COMPARATIVE EXAMPLE 5

[0143] Coating of substrate 2 with the polyelectrolytes mentioned in the description of the invention without mixing it with dispersion A, yielded a dry film thickness of 300 nm to 500 nm.

Comparative Example 6

[0144] The coating of substrate 3 with the polyelectrolytes mentioned in the description of the invention without mixing it with dispersion A yielded a dry film thickness of 300 nm to 500 nm.

COMPARATIVE EXAMPLE 7

[0145] Substrate 3 was coated by immersion in a mixture of 0.25% by weight, based on the total amount of the resulting mixture with a pectin with a molecular weight of approx. 70,000 g/mol, a degree of amidation of 0%, a degree of esterification of 52%, a degree of epoxidation of 0%, a galacturonic acid content of 87% and 0.25% by weight, based on the total amount of the resulting mixture, a pectin with a molecular weight of approx. 70,000 g/mol, a degree of amidation of 0%, a degree of esterification of 10%, a degree of epoxidation of 0%, a galacturonic acid content of 85% with 99.5% by weight of dispersion A described above.

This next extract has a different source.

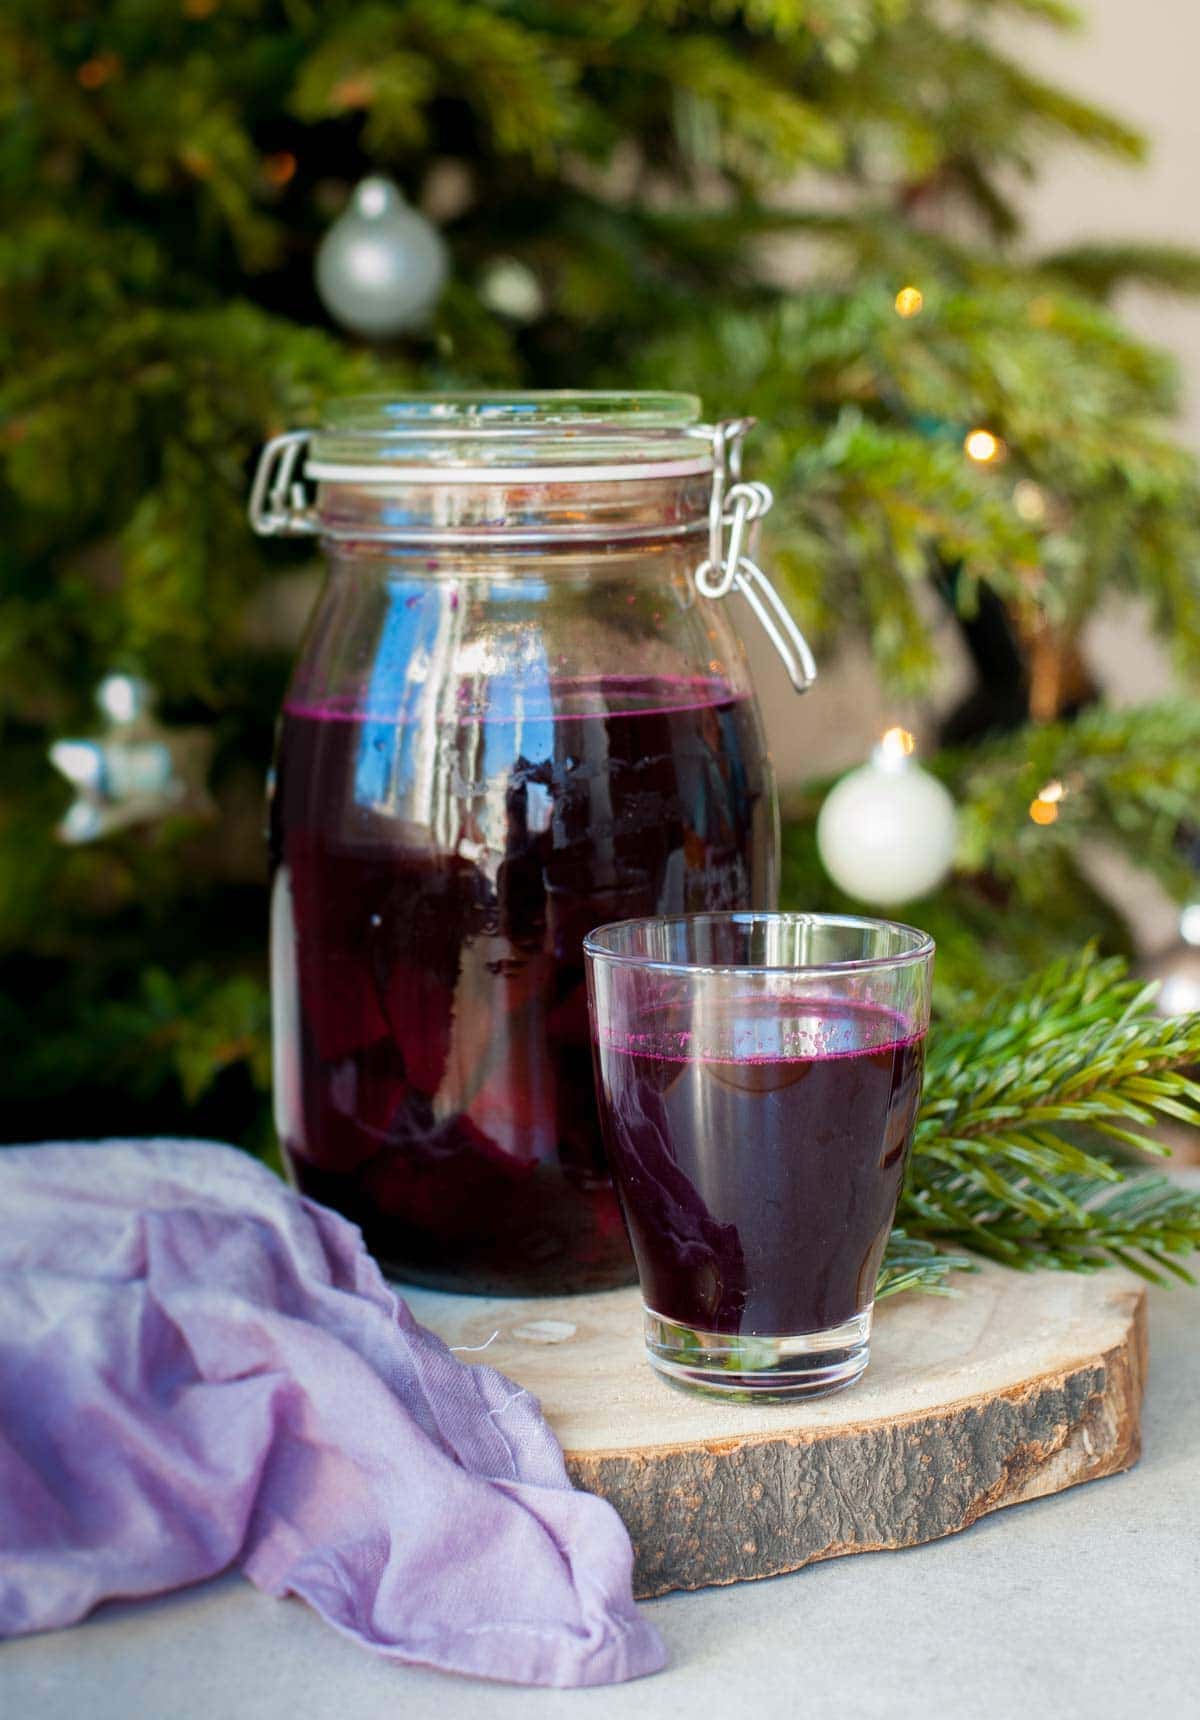 Beet kvass in a jar and a glass, Christmas tree in the background.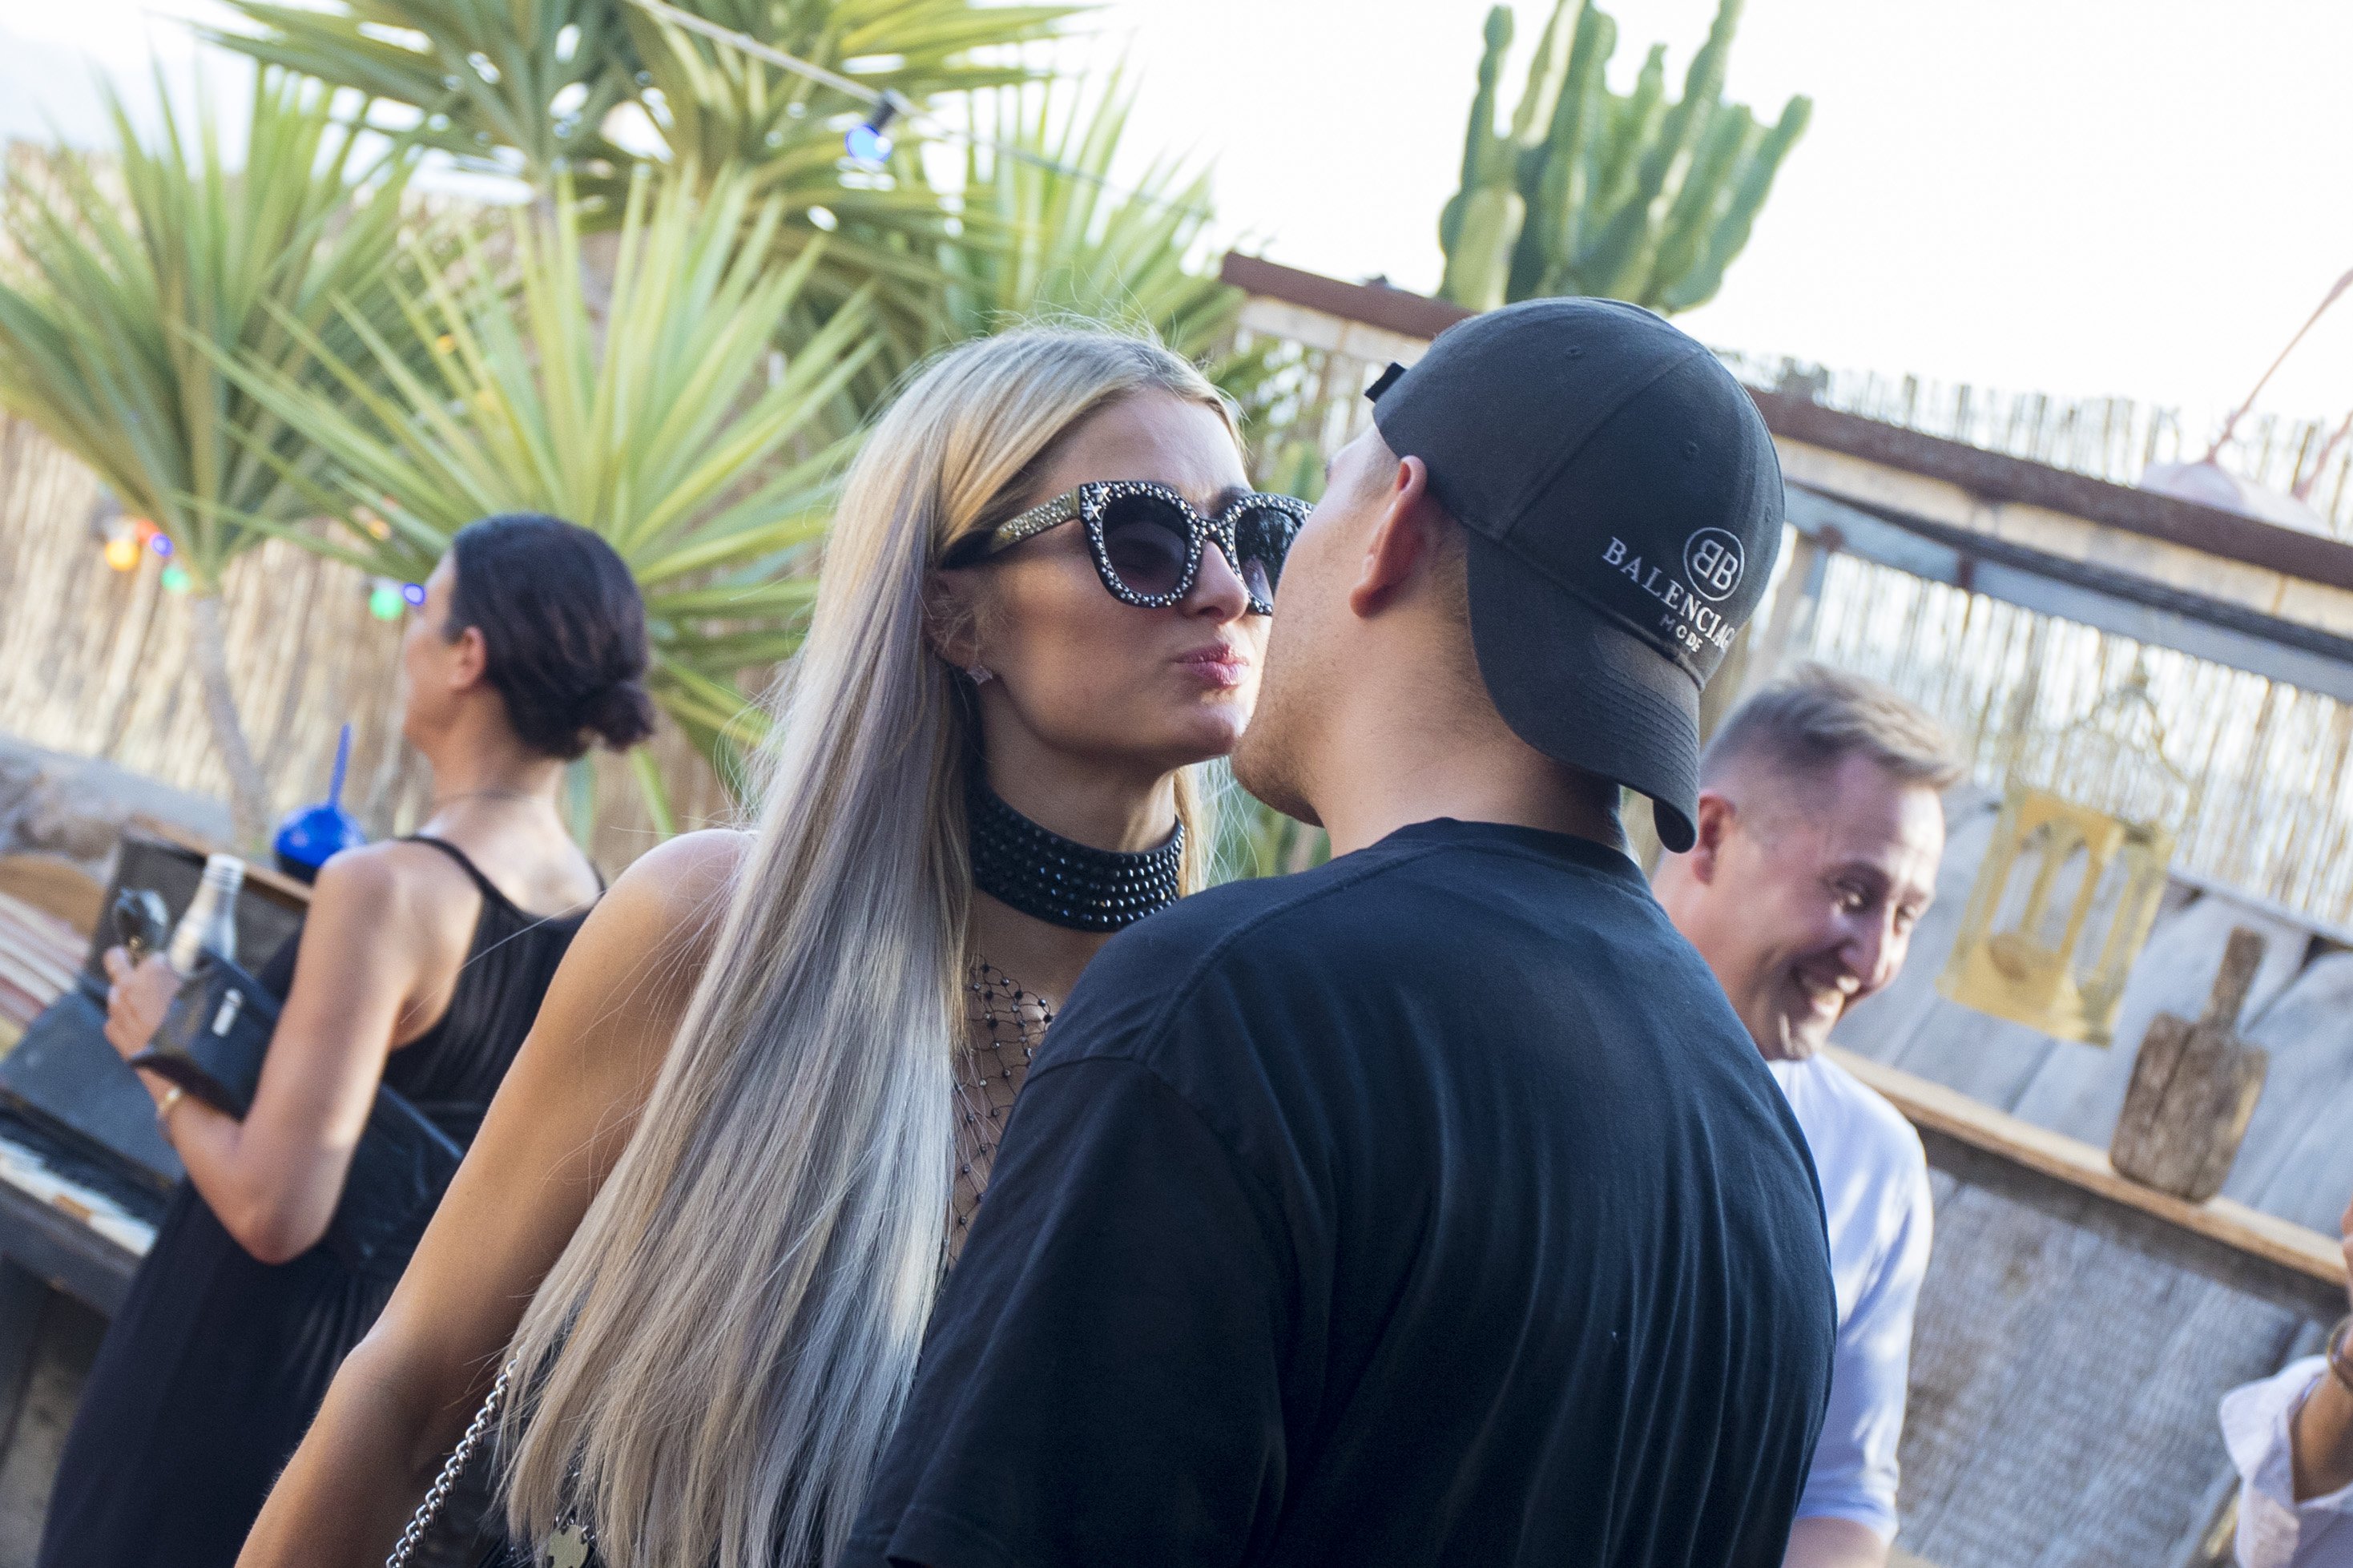 Paris Hilton (L) and Chris Zylka attend his exhibition 'Why Use A Name' in Ibiza on August 9, 2018 in Ibiza, Spain | Source: Getty Images

No dry film thickness could be detected.

COMPARATIVE EXAMPLE 8

[0146] Substrate 1 was coated with a mixture of 0.25% by weight, based on the total amount of the resulting mixture with a pectin with a molecular weight of approx. 70,000 g/mol, a degree of amidation of 0%, a degree of esterification of 52%, a degree of epoxidation of 0%, a galacturonic acid content of 87% and 0.25% by weight, based on the total amount of the resulting mixture, a pectin with a molecular weight of approx. 70,000 g/mol, a degree of amidation of 0%, a degree of esterification of 10%, a degree of epoxidation of 0%, a galacturonic acid content of 85% with 99.5% by weight of the dispersion B described above. 2.0 g/L 20% hexafluorozirconic acid was added to this mixture, forming a dry film with a thickness of 55 m to 65 m, measured using an eddy current meter and SEM.

COMPARATIVE EXAMPLE 9

[0147] Comparative Example 8 was repeated with substrate 2 and a dry film thickness of 15 m to 25 m determined by SEM.

COMPARATIVE EXAMPLE 10

[0148] Comparative Example 8 was repeated with substrate 3 and a dry film thickness of 3 m to 4 m determined by SEM.

[0149] The micrographs all showed a homogenous layer formation, which indicates a reliable self-regulating and readily controllable coating method.